The Chromobox protein homolog 3 (CBX3) encodes a heterochromatin protein 1γ (HP1γ) in human cells that binds DNA as a component of heterochromatin. Some recent studies have identified the expression and role of CBX3 in different type of human cancers. In prostate cancer, CBX3 expression was elevated, and might be an independent factor to predict the biochemical recurrence of prostate cancer after radical prostatectomy [11]. CBX3 expression was increased in human colorectal cancer and promoted in vitro and in vivo proliferation of the tumor cells, which was associated with its regulation on CDKN1A in colorectal cancer cells [12]. Further study demonstrated that CBX3 can suppress the transcription of CDK6 and p21, the negative cell cycle regulators, and promote proliferation of colorectal cancer cells [13]. Similar observation was obtained in tongue squamous cell carcinoma, in which overexpression of CBX3 inhibited p21 and promoted G1/S cell cycle transition [14]. In addition, CBX3 was found overexpressed in breast cancer and non-small cell lung cancer tissues, and its expression may predict the poor prognosis of patients with these cancers [15,16]. A recent study showed that CBX3 deficiency may mitigate the tumor burden in mice with treatment of tumor-killing CD8+ cells, further suggesting its rational role as a therapeutic target in solid tumor treatment [17]. These increasing lines of evidence have suggested the important role of CBX3 in the progression and treatment of human cancers, however, the expression and mechanism of action of CBX3 in pancreatic cancer has not yet been fully understood.

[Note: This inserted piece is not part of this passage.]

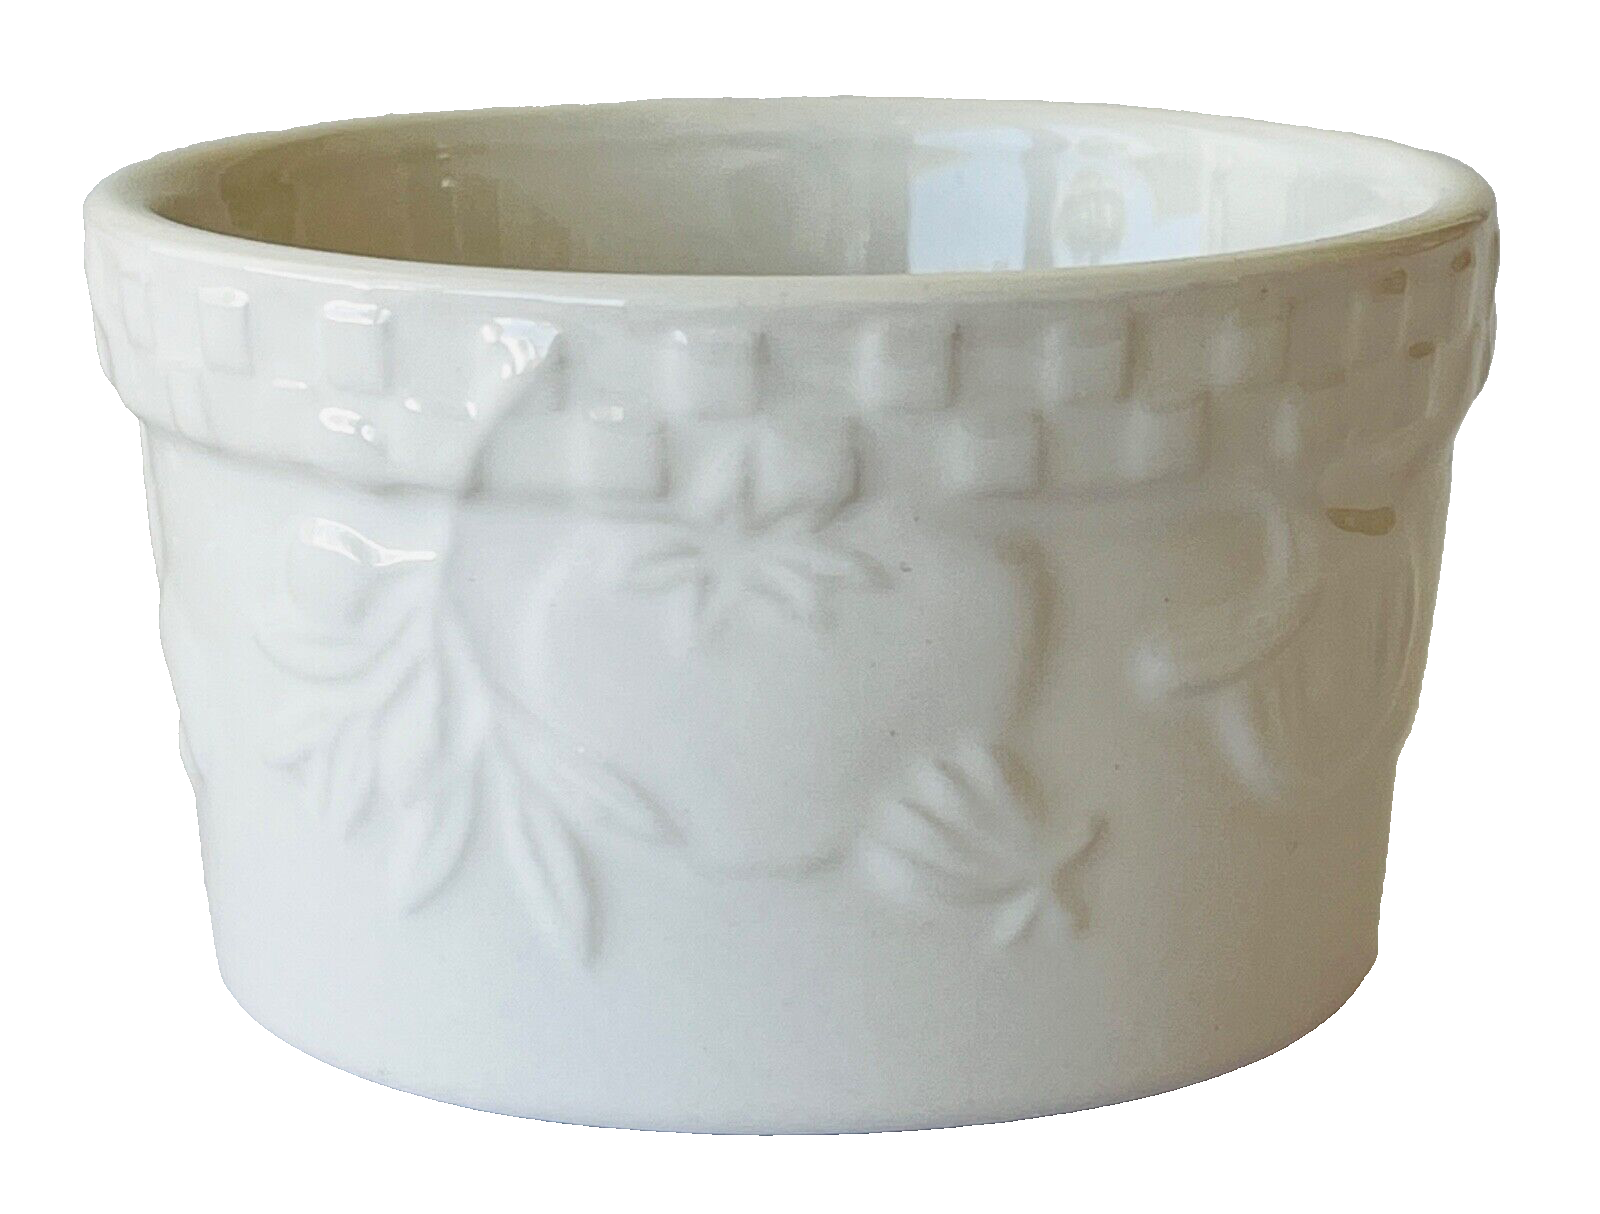 Primary image for White Stoneware Small Embossed Bowl for Sauces etc Signature Housewares 2"x3.5"

In this study, we aimed to explore the expression and function of CBX3 in pancreatic cancer. We extracted transcriptomic data of human PAAD tissue from GEO database and compared the expression of CBX3 in PAAD and non-tumor tissues from two datasets. Overexpression of CBX3 in PAAD cells was achieved by Crispr-cas9 activation, and in vitro and in vivo tumor cell growth and invasion was measured. Correlation and gene ontology analyses were performed to understand the mechanism network of CBX3 that may be involved.
2. Results
2.1. CBX3 Was Overexpressed in PAAD and Predicted Poor Prognosis of Patients
The role of CBX3 has been studied in various types of human cancers, such as breast cancer, non-small cell lung cancer, colorectal carcinoma and prostate cancer. However, its role and significance in PAAD is not yet understood. To identify the clinical significance of CBX3 in PAAD, we first extracted expression data of CBX3 from two released GEO microarray datasets examining human PAAD and non-tumor pancreas transcriptomic profiles. In both datasets, GDS4336 and GDS4103, expression of CBX3 was found significantly elevated in PAAD tissues compared with non-tumor pancreas (Figure 1a). This was further supported by the expression of CBX3-encoding protein, Heterochromatin protein 1γ (HP1γ). As examined by Human Protein Atlas project, HP1γ was highly expressed in PAAD tissues compared with non-tumor pancreas (Figure 1b). These data suggested the differential expression of CBX3 gene in PAAD. To further understand the prognosis value of CBX3 overexpression in PAAD, we collected patient survival information from TCGA database. The result showed that high expression of CBX3 in PAAD tissues predicted a poor prognosis of cancer patients in overall survival (Figure 1c). Its expression was also inversely associated with the disease-free survival of PAAD patients who received primary treatment (Figure 1d). In addition, expression of CBX3 is slightly associated with stage progress of PAAD, in which late stage patients seemed to have higher expression pattern of CBX3 in tumor tissues (Figure 1e). These findings revealed that CBX3 may be correlated as a tumor-promoting factor with PAAD progression.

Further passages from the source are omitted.